INNODB -> Should the default column be zero or null? - mysql

My english is a little weak sorry
When using INNODB, must the column be 0 or should it be null?
Does the problem occur if the joined columns are defined as 0?
Finally, which is better in terms of performance?
Thanks.

Ignore the problem. You do not have to provide a DEFAULT value. You do not have to declare a column NULL (or NOT NULL).
Instead...
Think about the application.
Case 1: Your application will always have a value for that column, and it will always specify the value. Then declaring the column to be NOT NULL and not providing a DEFAULT makes sense.
Case 2: You don't have a value yet. Example: The table has start_date and end_date. You create a row when the thing "starts", so you fill in start_date (see Case 1) but leave end_date empty. "Empty" could be encoded as NULL and DEFAULT NULL. Later you UPDATE the table to fill in the end_date with a real value.
Case 3: The table has a "counter". When you initially add a row, the counter needs to start with "1". Later you will UPDATE ... SET counter=counter+1. You could either explicitly put the "1" in when you create the row, or you could leave out the value when inserting, but have the column declared NOT NULL DEFAULT '1'
NULL could represent "not-yet-filled-in" (Case 1), "don't know the value", "use the default", and several other things. This is an application choice.
There are other uses for NULL. Unless you have a use for NULL, declare each column NOT NULL.
If, when INSERTing, you specify all the columns, then there is no need for DEFAULTs. DEFAULTs are a convenience, not a necessity. Without a DEFAULT, you get "0" for numeric NOT NULL columns, or '' for strings.
Performance -- Probably not an issue. Do you have a particular example we should discuss?
JOINing -- I would avoid joining on a column that might have NULL in it. This rarely happens in "real life", since one joins on the unique identifier for rows in one column with a column in the other table:
FROM A JOIN B ON B.id = A.b_id
That is, B.id is probably the PRIMARY KEY of B, hence cannot be NULL. On the other hand, A.b_id could be NULL to indicate there is no row in B corresponding to the row in A. No problem.

Related

what is the problem of "null" values in mysql or other dbs?

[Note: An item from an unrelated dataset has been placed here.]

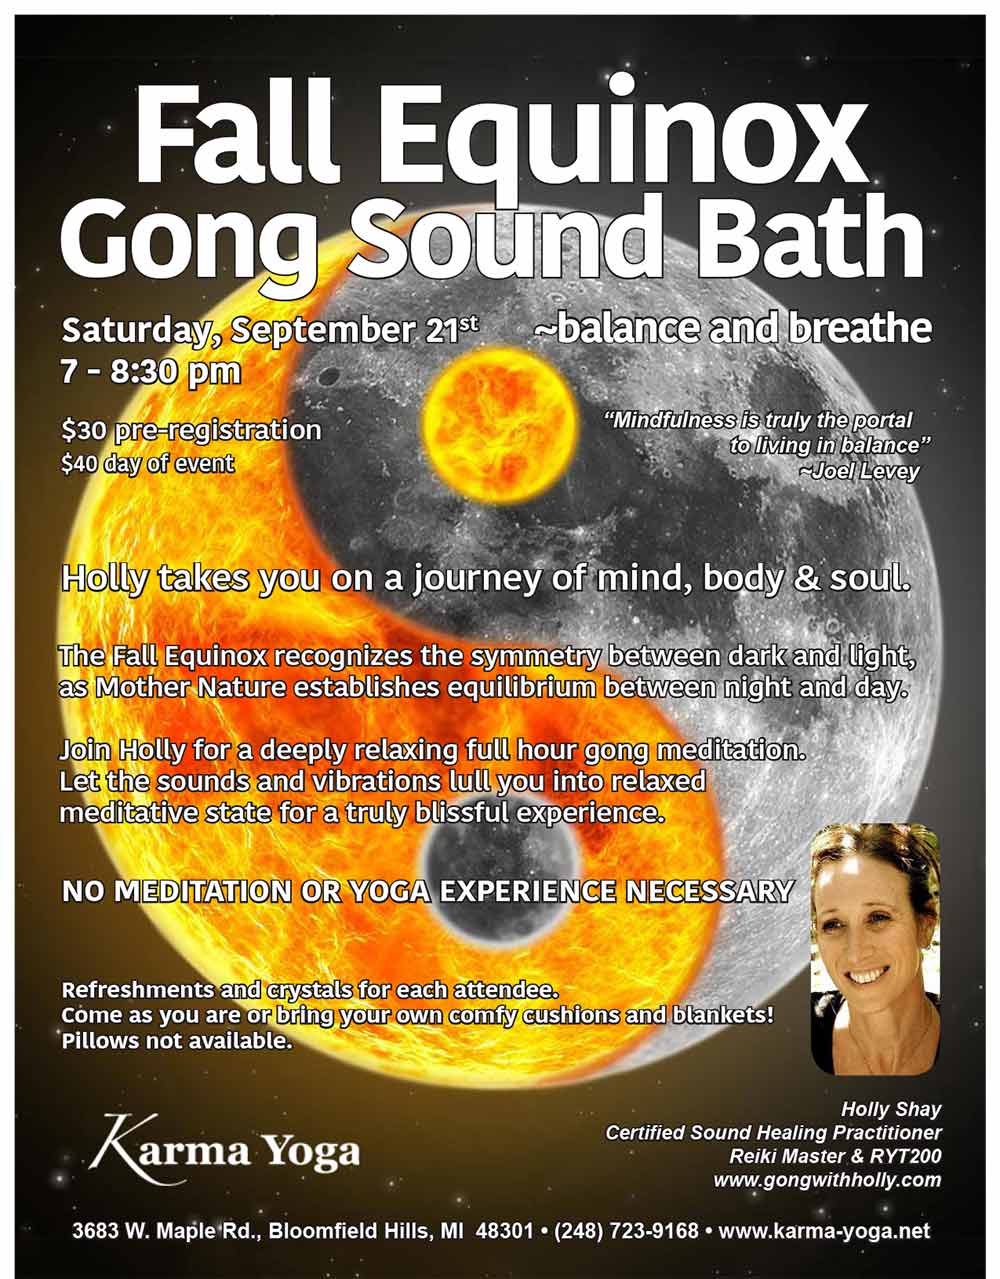 Fall Equinox Gong Sound Bath, Sept 21st, Karma Yoga, Bloomfield Hills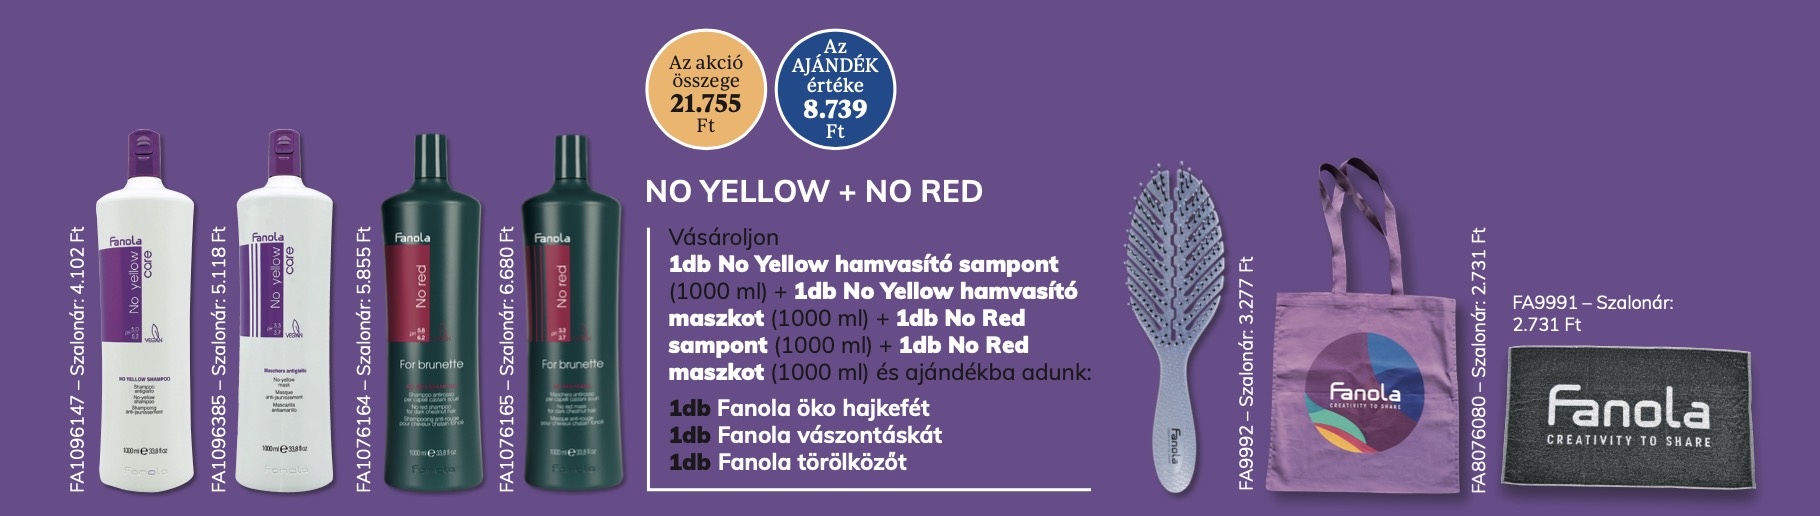 FANOLA NO YELLOW + NO RED Shampoo & Mask 4+3 AKCIÓ

As far as I know, null can be indexed in InnoDB. But many colleagues say the null values are bad DB designs. So I don't know what is the problem of "null", is the 3rd value (eq, not eq, not known) problem or something else that stops people use nullable columns?
NULL is an essential piece of SQL. It indicates a value that does not exist.
Avoiding NULL would lead into situations where you make up arbitary special values for items that does not exist (0, -1, empty strings etc). That would be bad design.
I would suggest that 80% of columns should be declared NOT NULL.
But there are many cases where NULL is the 'natural' thing to use --
A start_time is known but the end_time is not yet known.
An optional attribute
etc.
As for indexing, read the rules, and be ready to abide by them. PRIMARY KEY disallows NULLs, but UNIQUE allows them. But are they treated as "equal" or not.
As already mentioned, IS NULL and IS NOT NULL work as expected, but = NULL does not. Note also <=>.
LEFT JOIN creates artificial NULLs (when the 'right' table's row is missing). An example of that usage:
FROM a
LEFT JOIN b ON ...
WHERE b.id IS NULL
See COALESCE() for a way to turn NULL into something else. Example:
SELECT ...,
( SELECT name FROM foo WHERE ... ) AS foo_name,
...,
FROM ...
may deliver NULL. This would be friendlier:
SELECT ...,
COALESCE(( SELECT name FROM foo WHERE ... ), 'N/A') AS foo_name,
...,
FROM ...
Personally, I often shun NULL in these two places:
string VARCHAR(99) NOT NULL DEFAULT ('') -- empty string is usually good enough
choice ENUM('unknown', 'this', 'that') NOT NULL -- easier to display and test
There is virtually no performance difference (space or speed) between NULL and NOT NULL.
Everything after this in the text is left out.